=== Try it ===
Your copy starts at the line containing "Elasmosaurus era un" and ends at the last line below. Copy exactly, without pictures.

=== Data ===

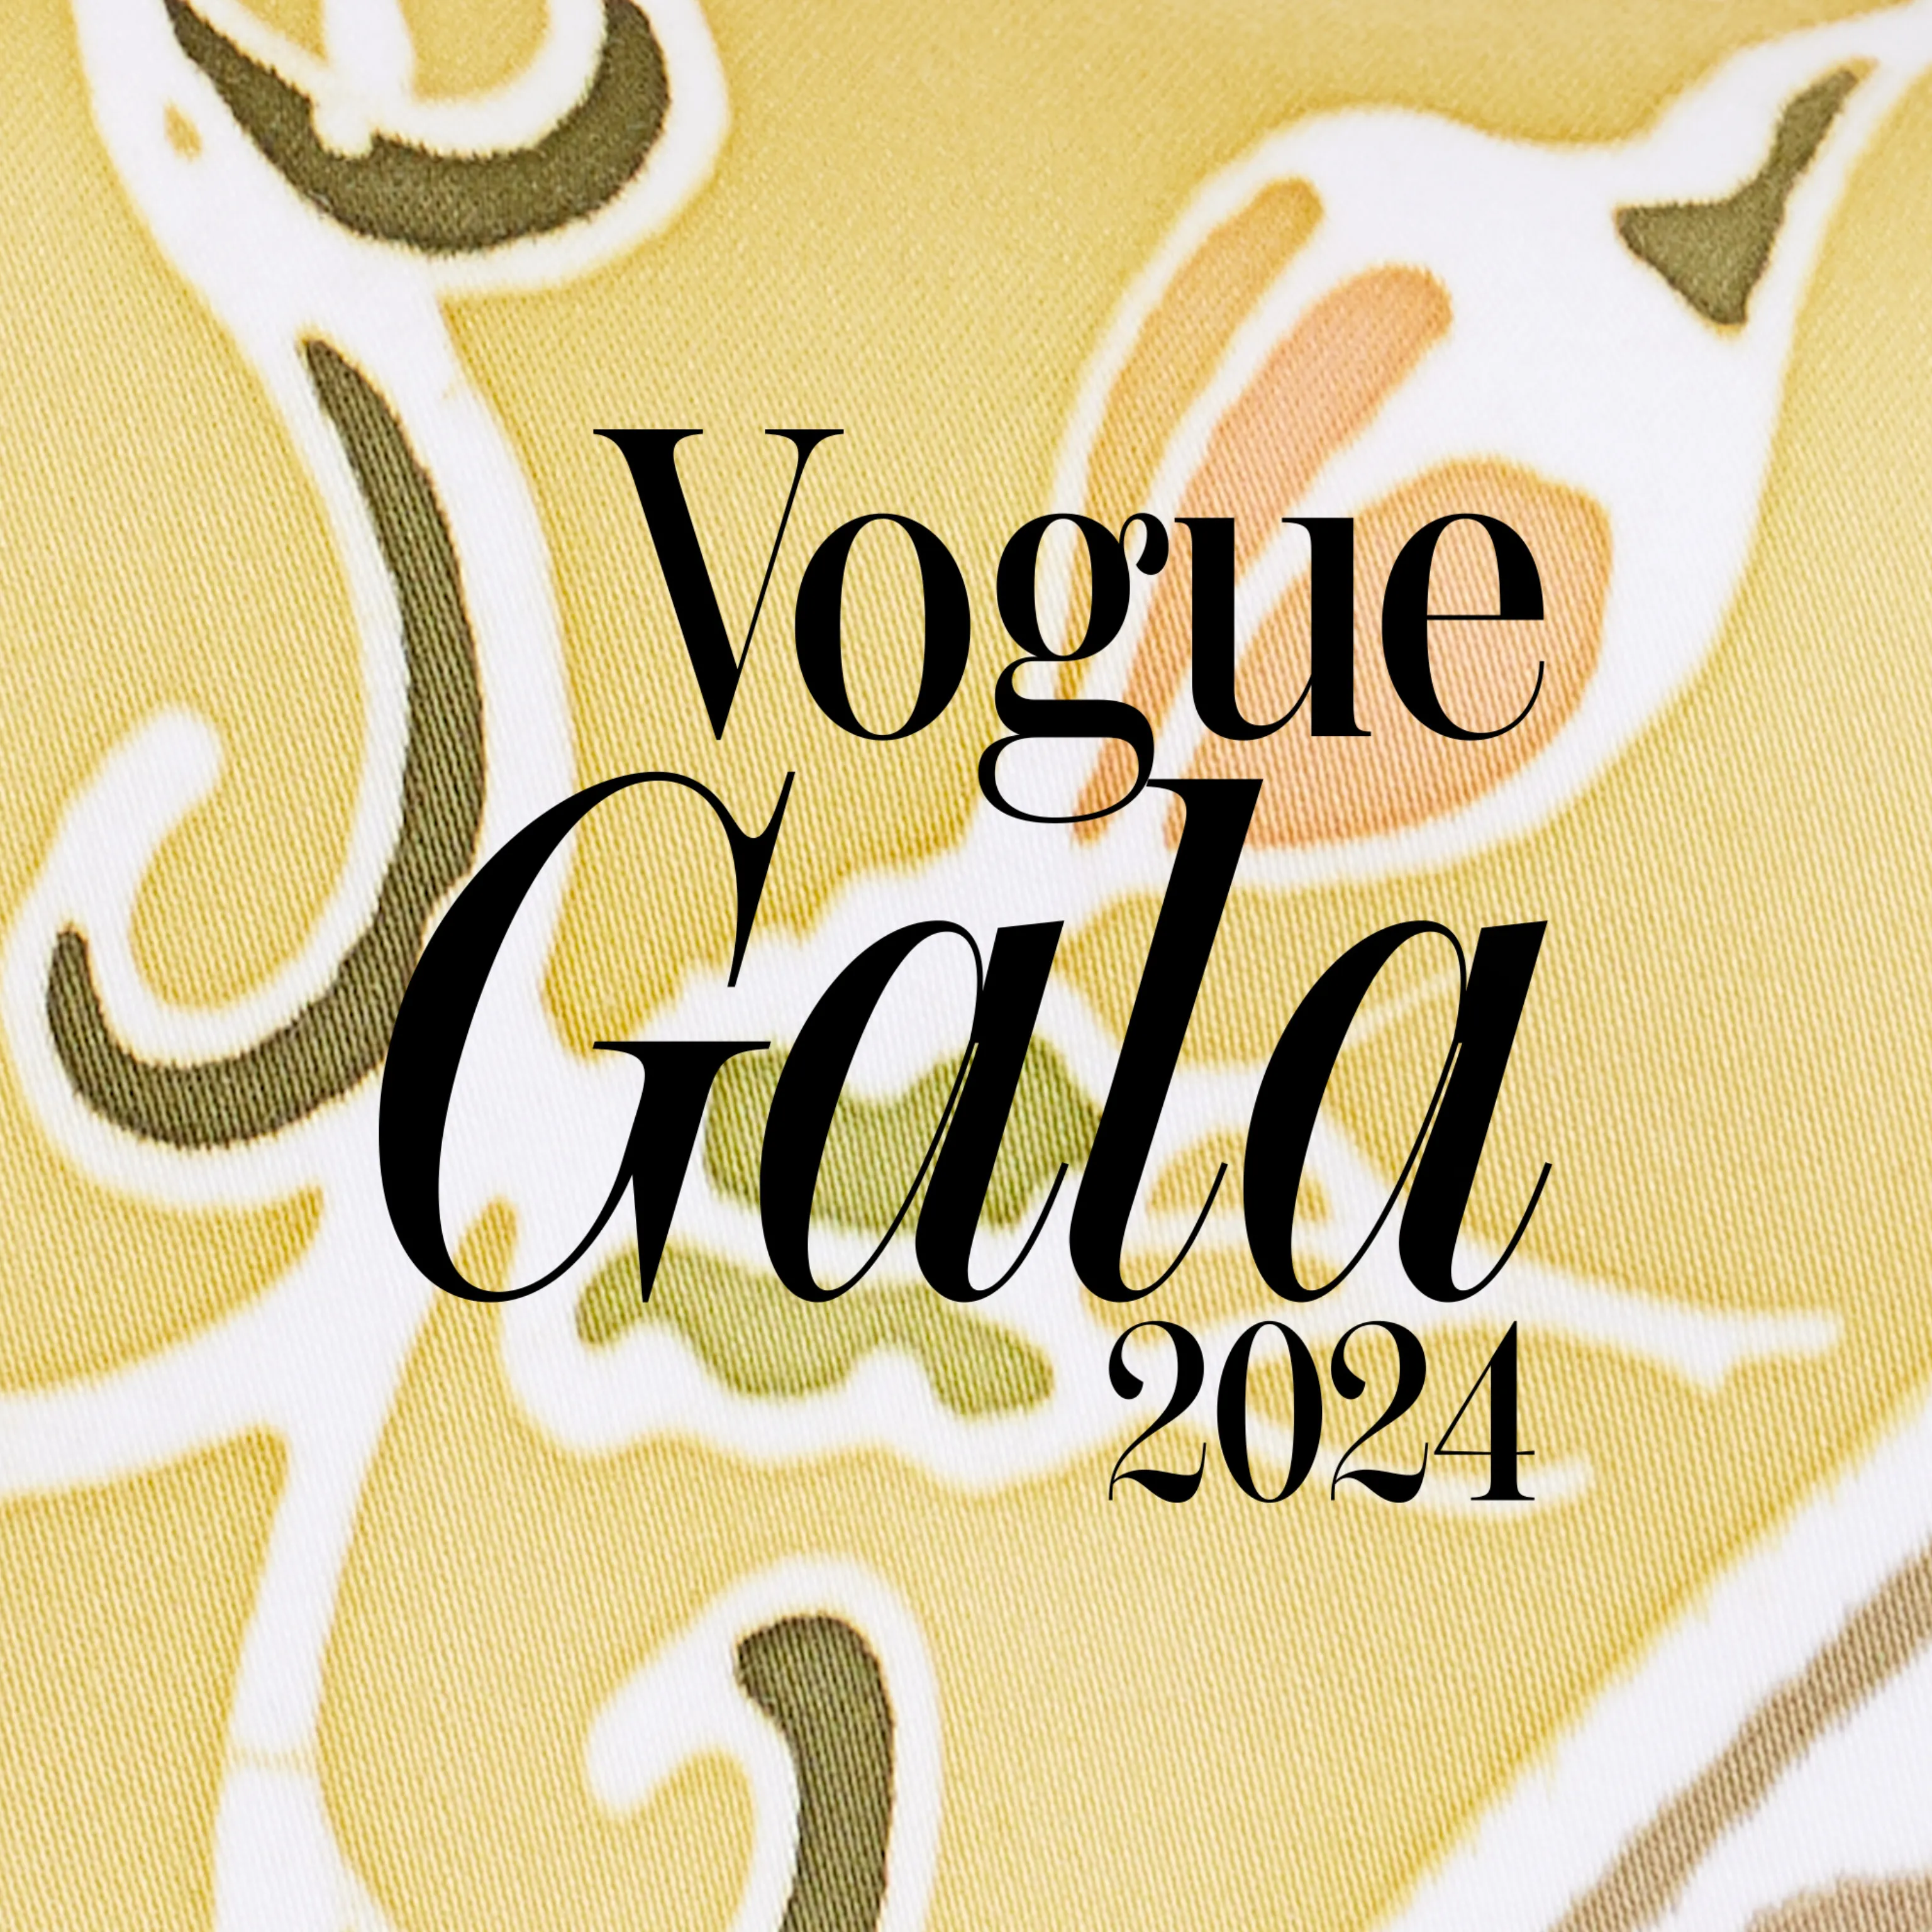 Vogue Gala 2024 auction items
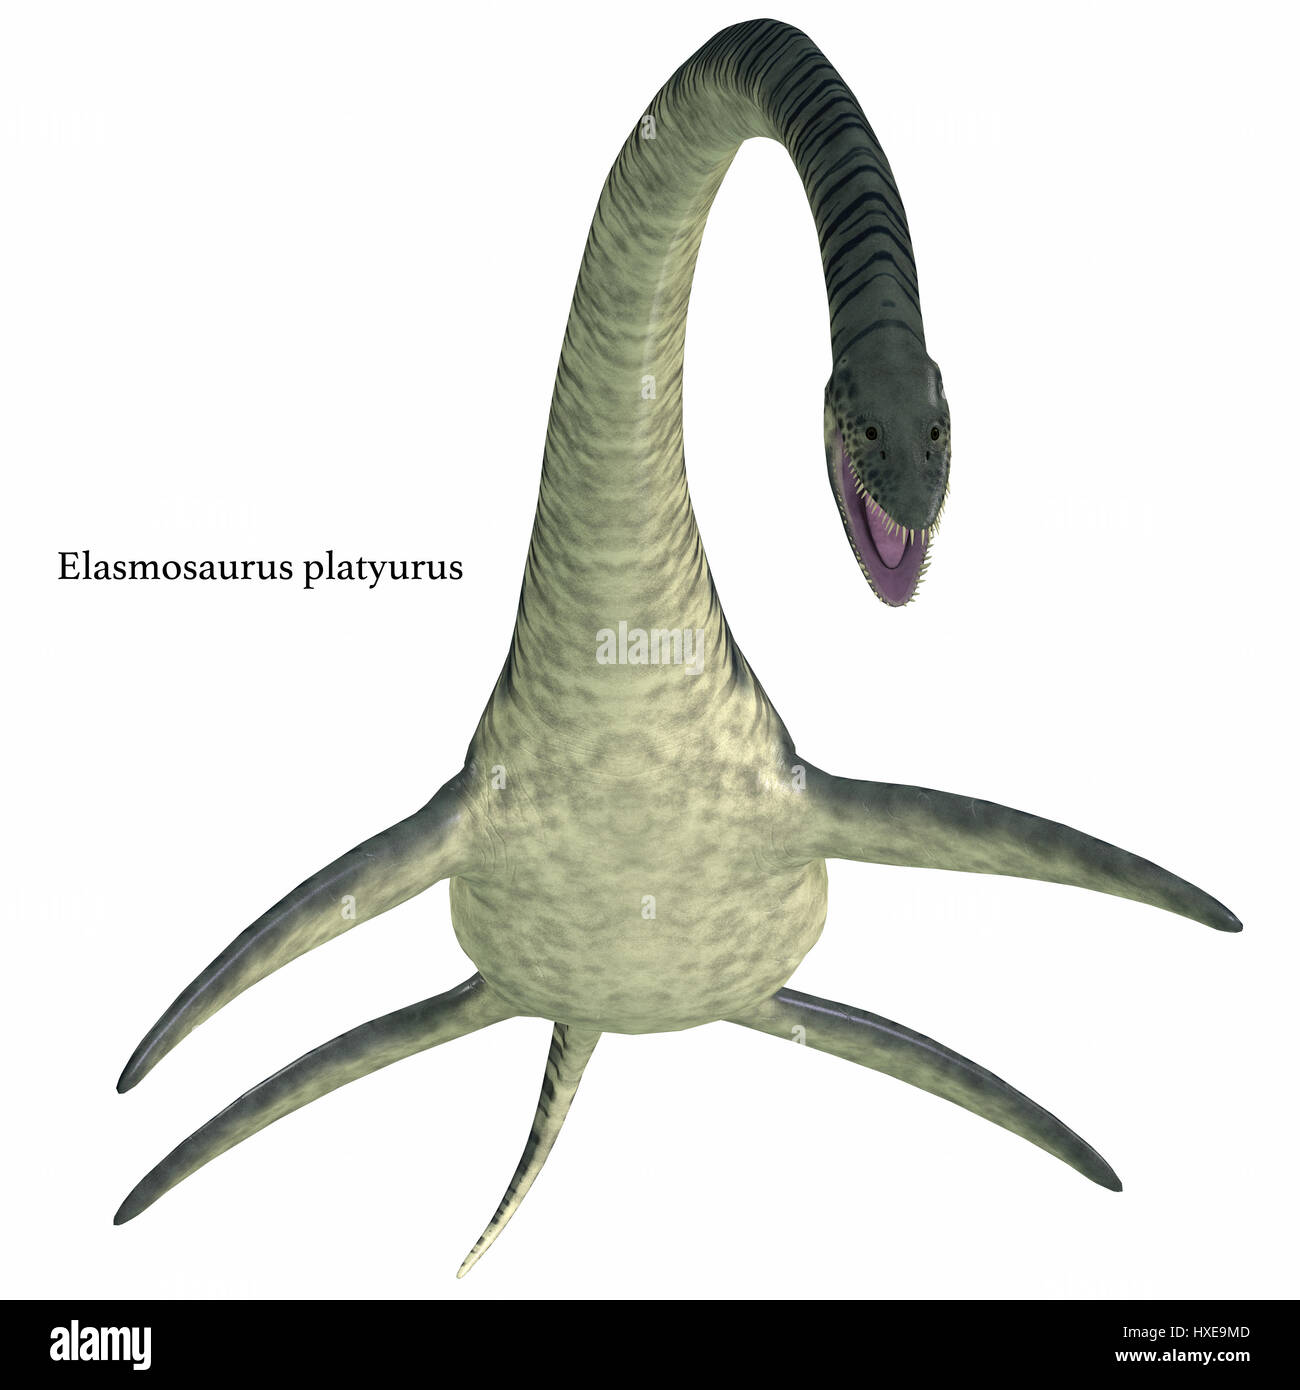 Elasmosaurus era un plesiosaurio de reptiles marinos que vivieron en América del Norte los mares en el período Cretácico. Foto de stock
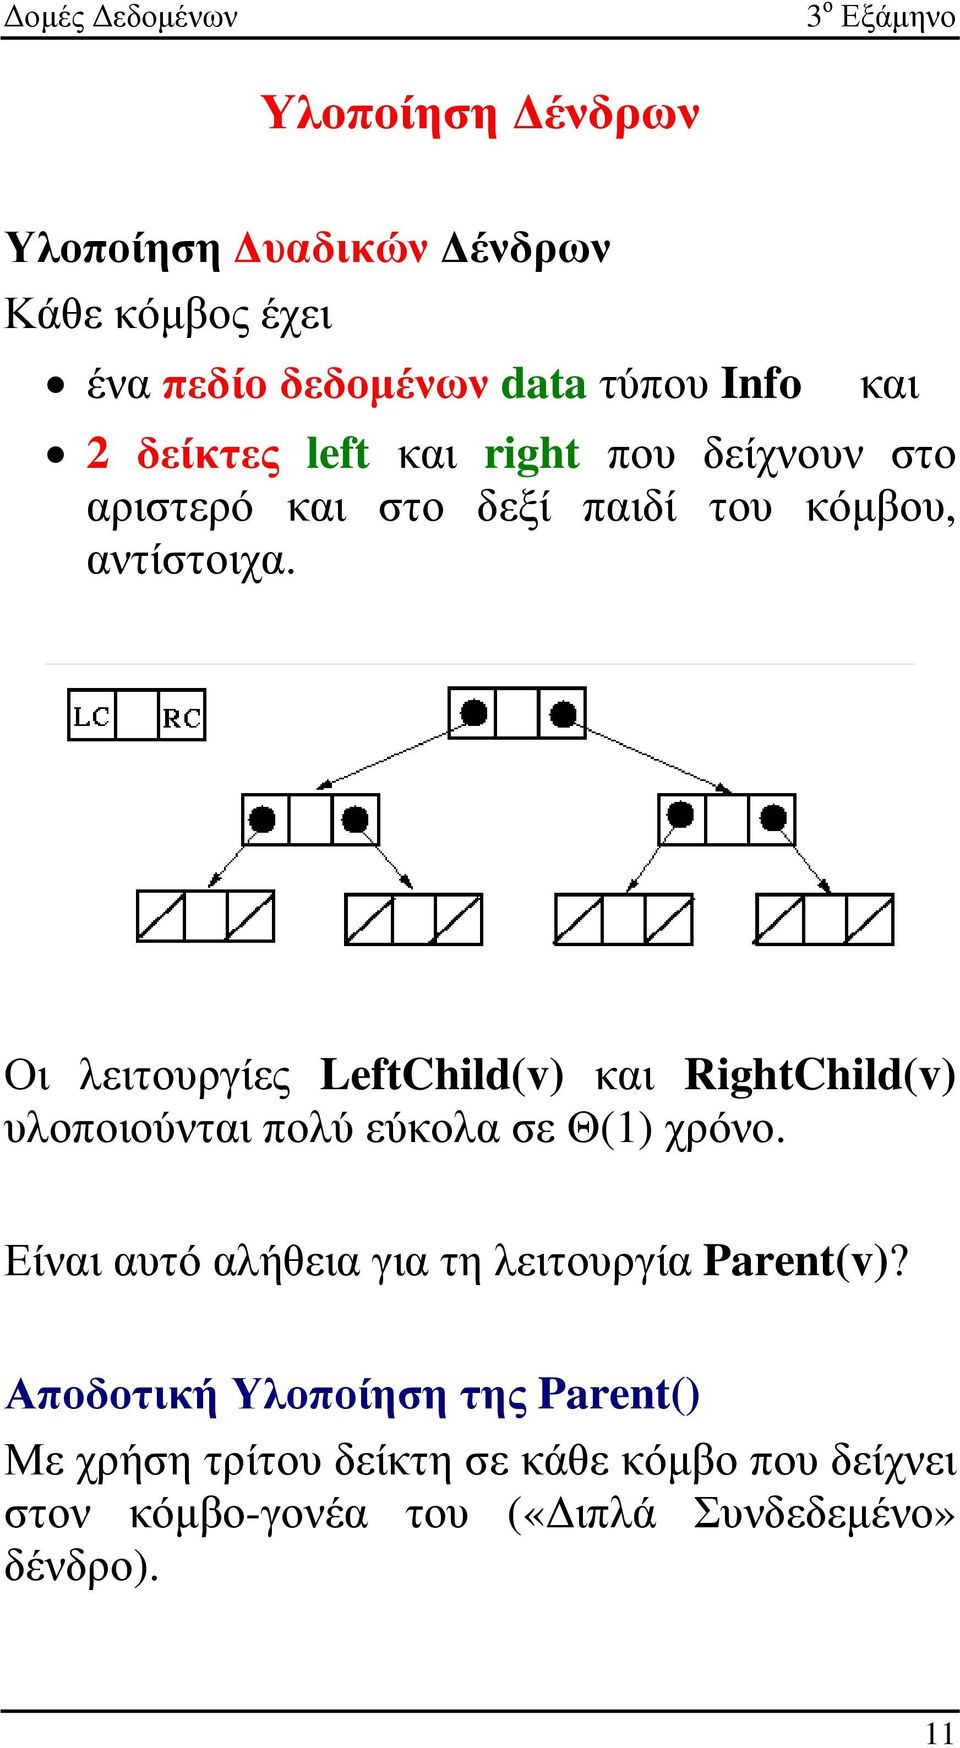 Οι λειτουργίες LeftChild(v) και RightChild(v) υλοποιούνται πολύ εύκολα σε Θ(1) χρόνο.

=== Worked solution ===
 Elasmosaurus era un plesiosaurio de reptiles marinos que vivieron en América del Norte los mares en el período Cretácico. Foto de stock
 Οι λειτουργίες LeftChild(v) και RightChild(v) υλοποιούνται πολύ εύκολα σε Θ(1) χρόνο.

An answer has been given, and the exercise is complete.